Oh. My. God. I'd forgotten these... think I gave them away a couple of decades ago, now I want to read them again!!
As I recall, the first three were quite good. If they did a Netflix miniseries or a movie series, the first three books would provide some decent material.
 
Some of my all-time favourites are SF with a very distinct fantasy feel to them: C.J. Cherryh‘s Morgaine cycle.
 
Lots of people read and/or write Science Fantasy. I think it's really only a problem for readers when it's not clear early on that this is what the story is, and they get hit with the combination late in the book.

Some of my favorite books have been Science Fantasy. Someone mentioned the Morgaine books earlier, which in my opinion are Science Fantasy at it's best.


(The idea that fantasy is mostly an exploration of medieval times is inaccurate. Firstly because most supposedly medieval fantasy is wildly inaccurate when it comes to that period, and secondly because there is so much fantasy that doesn't draw on the Middle Ages for inspiration at all.*)

____

*And a lot that is identified as medieval is actually Renaissance or later.
 
I'm glad this thread got rezzed as it allows me to post something important I realised only when re-reading it.

I like Sci-Fi media that borrows heavily from Fantasy. I like Warhammer 40k, I like Star Wars. I like Space Elves and Mysterious Old Psychics.

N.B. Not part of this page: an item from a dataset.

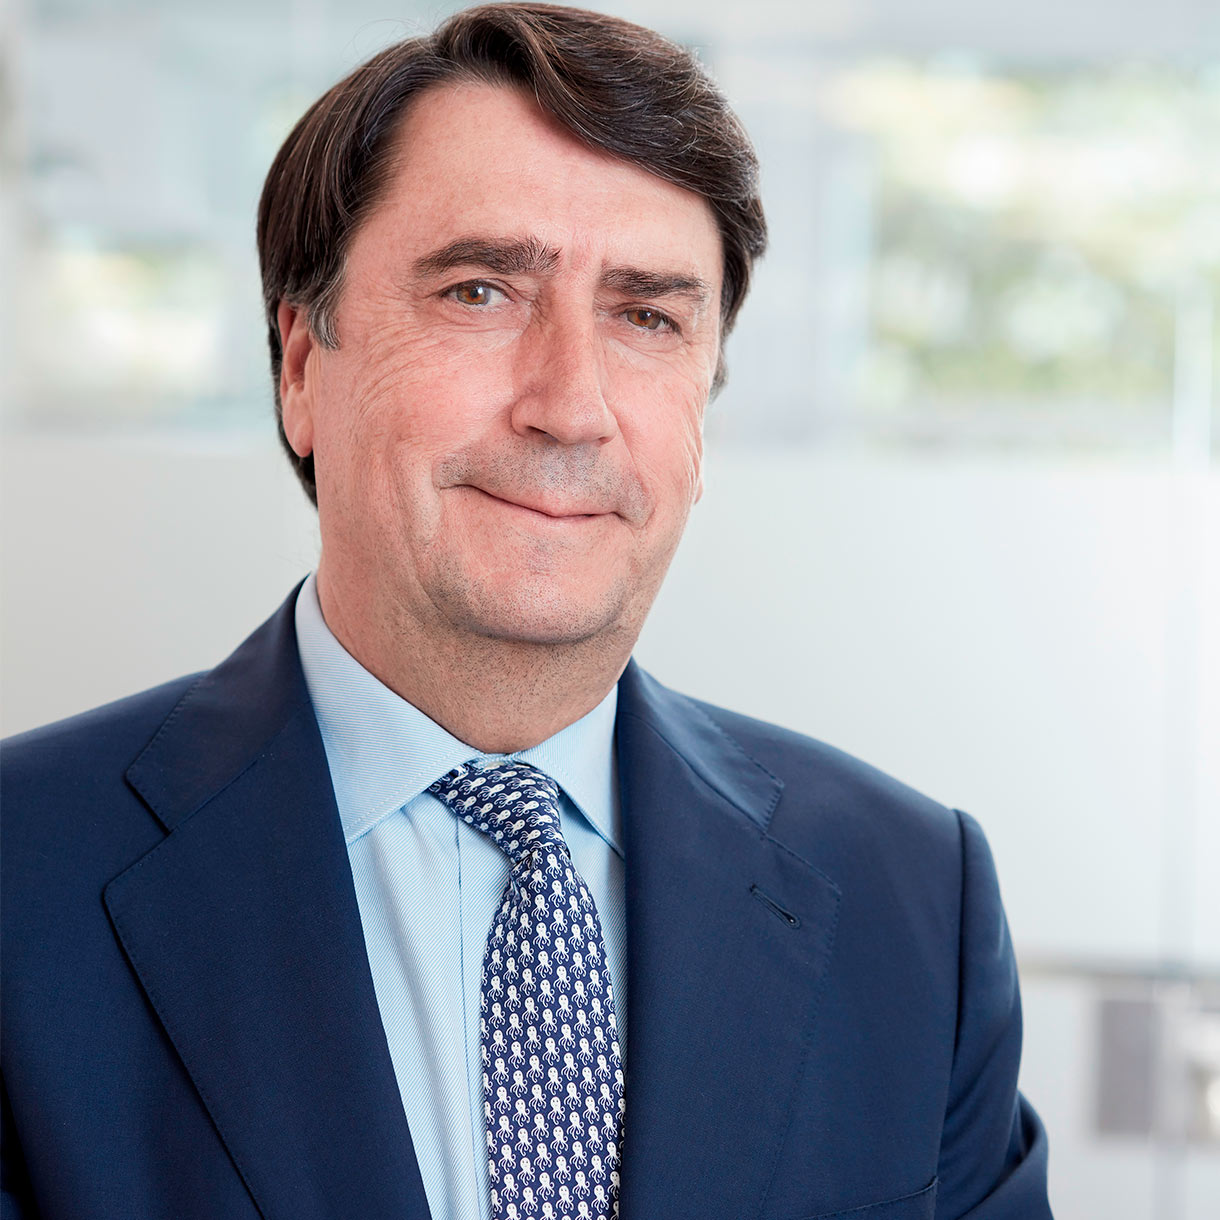 Javier Díaz Gálvez

I like media that mixes the two, or at least I think I do, because I struggle to name many that fit this.

What leaves me lukewarm on a frequent basis are Fantasy books that reveal they were actually Sci-Fis all along. Aka damn you Anne McCaffrey. In fairness, this might be influenced by that series going downhill at the same time she introduced the Sci-Fi anyway.

Also I cheered loudly at Teresa's bracketed comments on fantasy. There's a thread to be had there, which I might start (or look to see if there's an ongoing one) when I've stopped running around.
 
I really like a lot of Sheri S.Tepper's books which do have a fantasy feel but which I guess are technically science fiction. There is sometimes a bit of a twist there, where you get a sci-fi explanation for something which felt rather different - The Family Tree is a good example, and I think works really well.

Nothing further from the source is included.